En primer lugar, deseaba que nadie se entristeciera con sus padecimientos y su futura ausencia. Ciertamente lo que más le dolía era ver sufrir a quienes amaba; y, queriendo ahorrarles eso, hacía brotar de sí misma la felicidad necesaria para contagiarlos y consolar sus penas: «Cuando puedo, hago lo mejor posible por estar alegre, por agradar».14 Pero no osemos dudar, como hizo la Madre Inés de Jesús una vez, de la sinceridad de Santa Teresa: «Es para no entristecernos que pones esa cara y dices palabras divertidas, ¿no es cierto?». Una respuesta categórica disipó el juicio erróneo: «Siempre obro sin “fingimientos”».15
Otro motivo de su alegría se puede vislumbrar en las afirmaciones de la propia Teresa: «Dios siempre me ha hecho desear lo que quería darme».16 Las gracias recibidas a lo largo de su existencia la orientaban a anhelar ser consumida en el Amor, junto a un presentimiento profundo de que moriría joven. Y la tuberculosis era la prueba más patente de que estaba siendo escuchada: «Es increíble cómo todas mis esperanzas se han realizado».17 Por lo tanto, la buena disposición que manifestaba en medio a la proximidad de la muerte constituía, en síntesis, el canto del alma agradecida por la fidelidad de su Señor y Padre.

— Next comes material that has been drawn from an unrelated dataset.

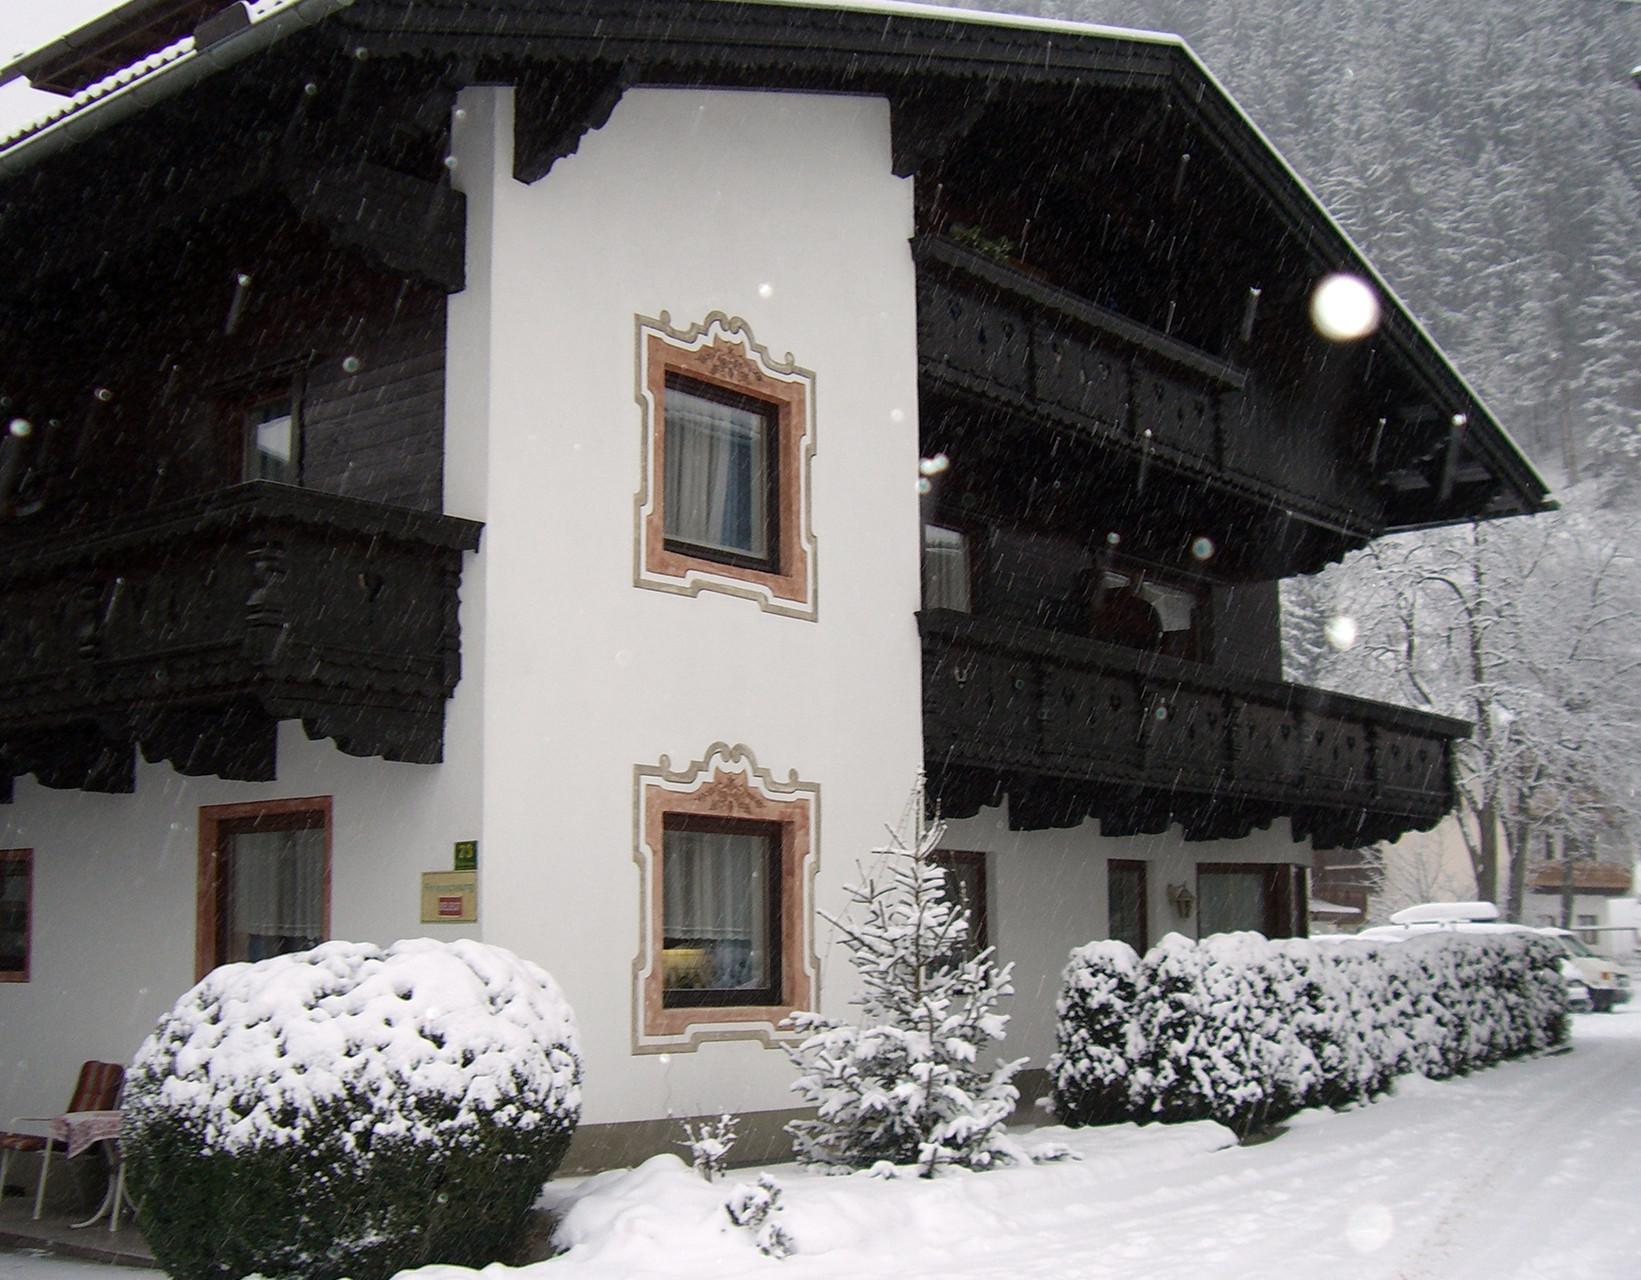 Appartmenthaus im Winter

Una enseñanza dada al principio de su convalecencia es valiosa: «Siempre veo el lado bueno de las cosas. Hay quienes se lo toman todo de la manera que más les hace sufrir. Para mí, es lo contrario. Si no tengo más que el puro sufrimiento, si el Cielo se vuelve tan oscuro que no veo ninguna claridad, pues bien, hago de eso mi alegría».18
Más que nada, su buen humor se debía a la plena aceptación de los designios de la Providencia: «Estoy contenta de sufrir, porque Dios lo quiere» y «lo único que me agrada es hacer la voluntad de Dios».19
Una misión a punto de comenzar
Finalmente, su felicidad consistía también en vislumbrar, entre las brumas de la prueba, su misión venidera, la lluvia de rosa formándose en el horizonte: «Sólo una expectativa hace latir mi corazón: el amor que recibiré y el que podré dar. Y, además, pienso en todo el bien que me gustaría hacer después de mi muerte: bautizar a los niños, ayudar a los sacerdotes, a los misioneros, a toda la Iglesia»; «Mi misión está por comenzar, mi misión de hacer amar a Dios como yo lo amo, de dar mi pequeña vía a las almas. Si Dios escucha mis deseos, pasaré mi Cielo en la tierra hasta el fin del mundo. Sí, quiero pasar mi Cielo haciendo el bien en la tierra. […] Mi corazón se estremece ante este pensamiento…».20
Que cada uno de nosotros, todavía peregrinos en la tierra, recurra a Santa Teresa del Niño Jesús. Elevemos a ella súplicas confiadas y una lluvia de rosas caerá sobre nosotros. Me atrevo a asegurar que, así, estaremos ayudándola a cumplir su altísima misión y a aumentar su alegría en el Paraíso, la misma alegría que estamos llamados a disfrutar un día en su compañía. ◊
Extraído de la revista Heraldos del Evangelio, #243.
Notas
1 Carta 221. Al P. Roulland, 19/3/1897. El texto de esta misiva y las palabras de la santa recogidas en «Últimas conversaciones», citados en el presente artículo, han sido extraídas de: SANTA TERESA DE LISIEUX. Œuvres de Thérèse: https//archives.carmeldelisieux.fr.
2 GAUCHER, Guy. A paixão de Teresa de Lisieux. 4.ª ed. São Paulo: Loyola, 1998, p. 130.
3 Últimas conversaciones. «Cuaderno amarillo», 7 de mayo, n.º 3.
4 Ídem, Teresa a Celina, julio, n.º 2.
5 Ídem, 4 de agosto, n.º 3.
6 Ídem, A María del Sagrado Corazón, 9 de junio, n.º 4.
7 Ídem, «Cuaderno amarillo», 6 de julio, n.º 3.
8 Ídem, A María del Sagrado Corazón, 8 de julio, n.º 4.
9 A Santa Teresa nunca le gustó la leche, pues se sentía mal cuando la bebía.
10 GAUCHER, op. cit., p.134.
11 Últimas conversaciones. «Cuaderno amarillo», 8 de julio, n.º 17.
12 Ídem, 27 de agosto, n.º 2.
13 Ídem, 24 de septiembre, n.º 5.
14 Ídem, 6 de septiembre, n.º 2.
15 Ídem, 13 de julio, n.º 7.
16 Ídem, n.º 15.
17 Ídem, 31 de agosto, n.º 9.
18 Ídem, 27 de mayo, n.º 6.
19 Ídem, 29 de agosto, n.º 2; 30 de agosto, n.º 2.
20 Ídem, 13 de julio, n.º 17; 17 de julio.